A Two-Phase Educational Data Clustering Method Based On Transfer Learning And Kernel K-Means


  • Phùng Hứa Nguyễn HCMC University Of Technology
  • Châu Võ Thị Ngọc


Educational data clustering, kmeans, transfer learning, unsupervised domain adaptation, kernel-induced Euclidean distance


In this paper, we propose a two-phase educational data clustering method based on transfer learning and kernel k-means algorithms. The method is a solution to the student data clustering task on a small target data set associated with a target program while a much larger source data set associated with another source program is available. A small target data set might be insufficient for the clustering task in a high-dimensional space. Therefore, our method decides a transfer learning process in the first phase to exploit both unlabeled target and source data sets in order to find a more significant representation of the instances in the target domain. A number of new features are derived in the first phase using spectral clustering on the domain-independent features and the domain-specific features of both target and source domains.
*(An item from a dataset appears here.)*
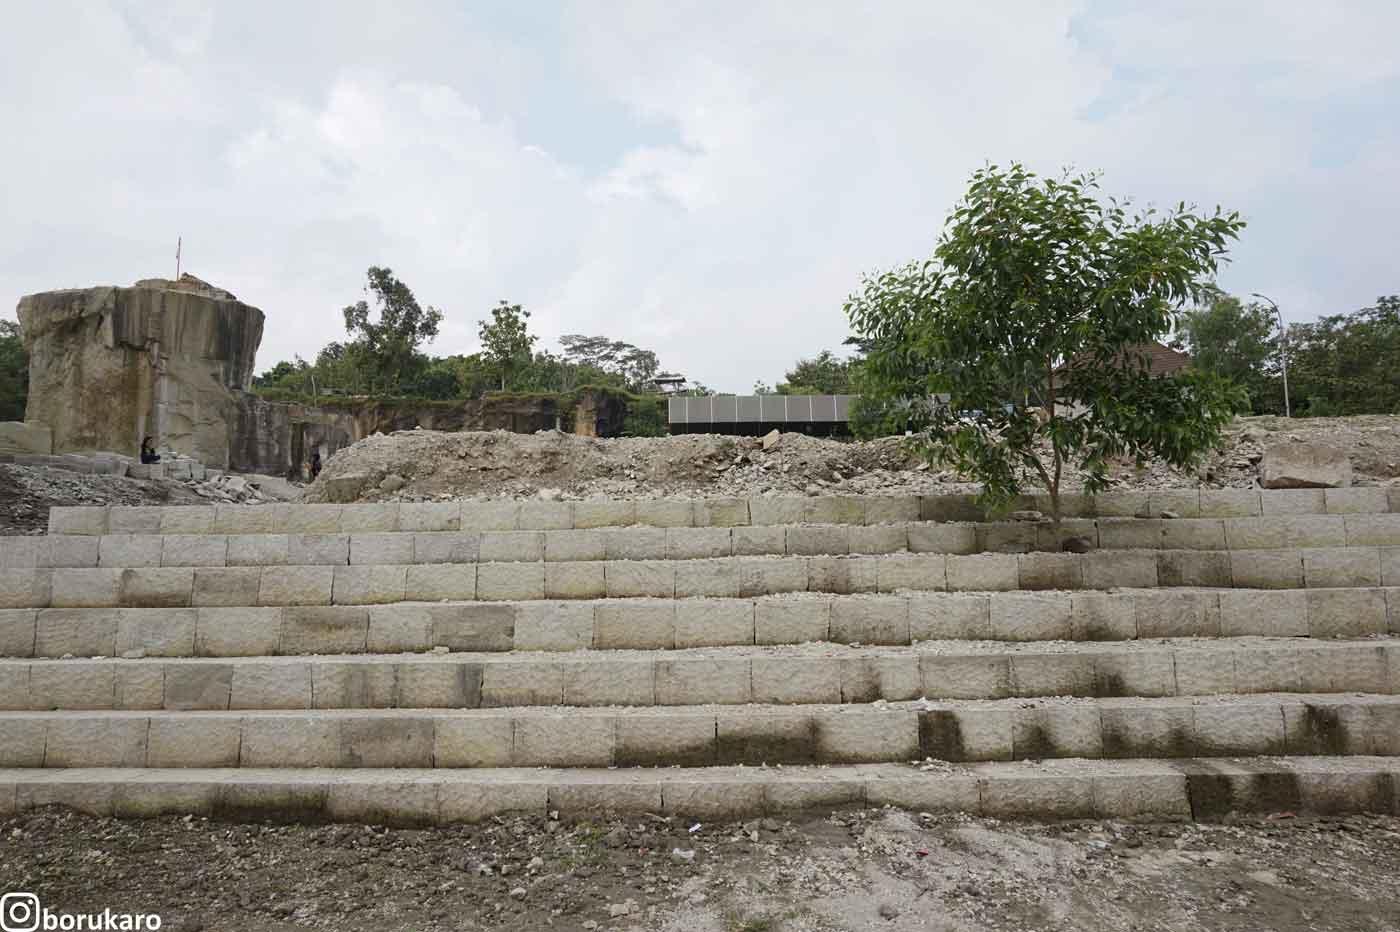 Tangga-tangga area Tebing Breksi

These new features are used for enhancing the target data space. In the second phase, our method performs the kernel k-means algorithm to form the clusters of students in the enhanced target feature space. In fact, these clusters become arbitrarily shaped in the enhanced target data space with more compactness and separation. As compared to the existing works in the educational data mining area, our clustering task as well as its corresponding method is novel for clustering the similar students into the proper groups based on their study performance at the program level. In addition, the experimental results and statistical tests on real data sets have confirmed the effectiveness of our method with the better clusters of higher quality in comparison with the clusters from the other approaches.